In math you have, what they call in school, a variable $x$. You use this $x$ as a place holder for some number. But what number? You can't say for sure, all you can say is that $x$ can vary in some interval $I=[0;1]$. That's basicly all you know about $x$. Well, it's not much but it works for 99% of time when you need to model some phenomenon.
For example, let $x=bees/crows$. You go out and count bees and crows in some park, then you can say that $x$ is equal to some number. BUT Before going out you CAN'T guess the value $x$ will take, the best you can do is to say that:
"There could be no crows or no bees or some number of each in the park. Yeah, and there is no such thing as negative number of bees, so negative numbers won't do. So, I can say that $x \in [0,\infty] \cup {?} $, where $?$ will be used when I find no bees and no crows i.e. $x=0/0=?$ "
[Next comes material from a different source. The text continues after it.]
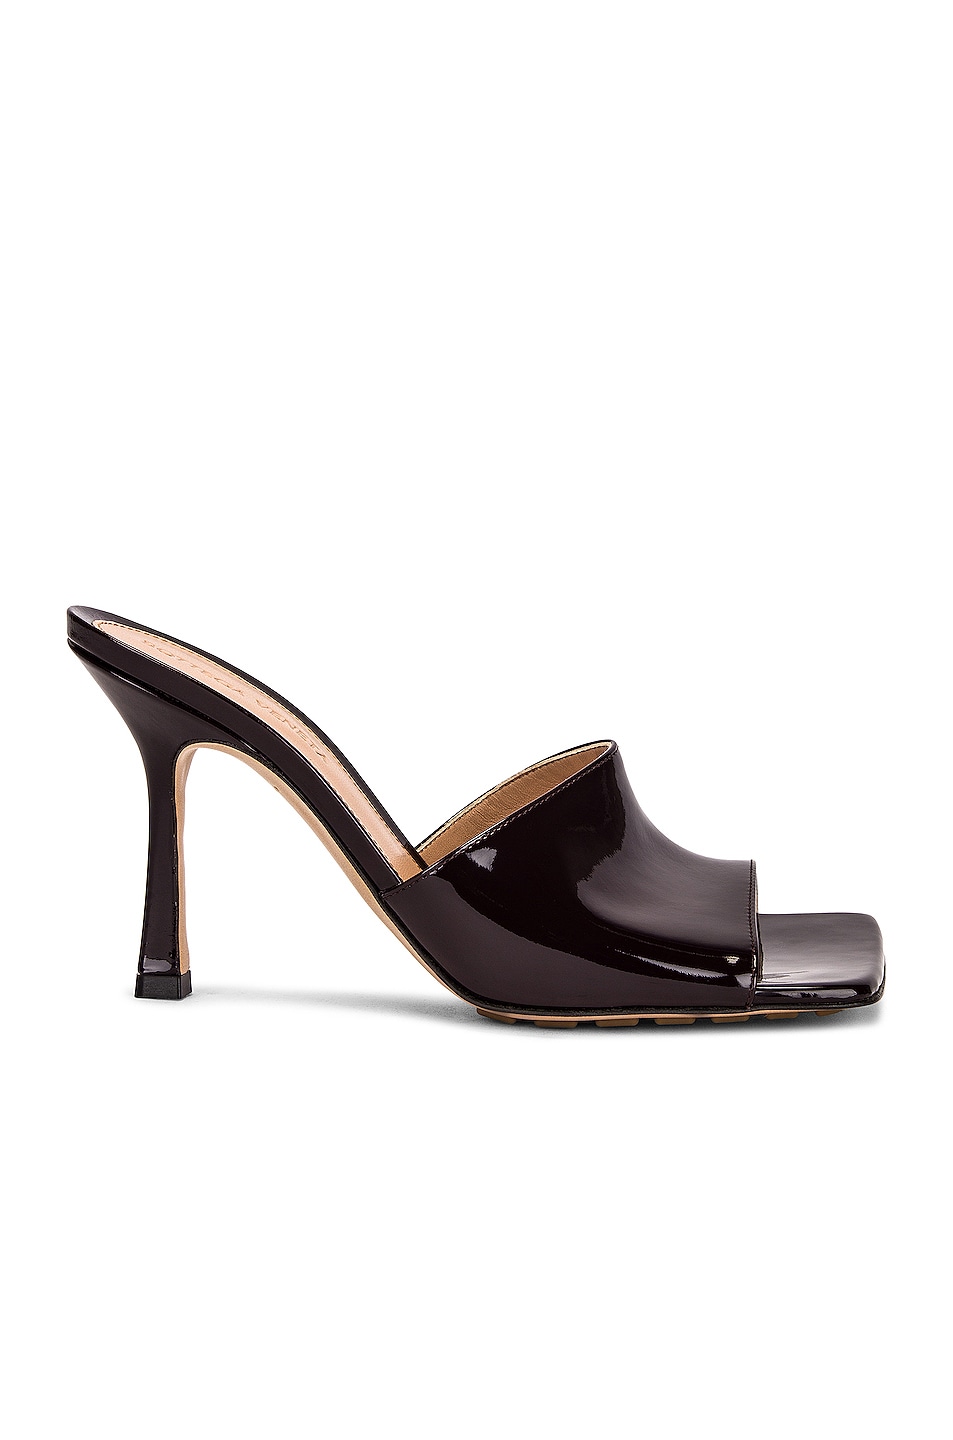 Bottega Veneta Stretch Gloss Sandals in Oxide | FWRD

That's it! Now comes the random variable $X$. It has the same use as $x$ has but you can say A LOT MORE about $X$!!! You can expect $X$ to take some values which you couldn't do with $x$. Why? Because if there is $X$ in the book then there is a probability function $\mathbb{P}$ somewhere, you can't have one without the other otherwise you endup with dull $x$ instead.
For example, let $X$ be a random variable defined the same way as above $bees/crows$. Now you need to go to the park and count the bee and the crows. But before doing so, what can you say about $X$?
Well, $X$ belongs to the same interval $X \in [0,\infty] \cup ?$ but now we have a tool $\mathbb{P}$-probability, which we can use to GUESS the values $X$ will take. This is much more than we could have done with simle varibale $x$! Without $\mathbb{P}$ you can't even guess the value of $x$, but having defined $\mathbb{P}$ you can say that $X$ will take value 0.5 with probability 90% and thus I can save my energy and not go to the park at all!!!
P.S. So with random variable you have additional information about the possible values $x$ can assume. So as a mnemonic you can makeup such "an equation" $$\mathbb{P} + x = X$$ Thus it would be better to call $x$ as unguessable, and $X$ guessable variable. So you can see that using x for both of them $X,x$ is justified since they are of the same "logic". Having $X$ explaind as a function is not a bizzar thing, cause you can explain $x$ in the same way ($x$ is a function from set of hyppos to the set of reals $\mathbb{R}$ i.e. $x:Hippos\rightarrow\mathbb{R}$ so you use $x$ as a number of hippos in the park.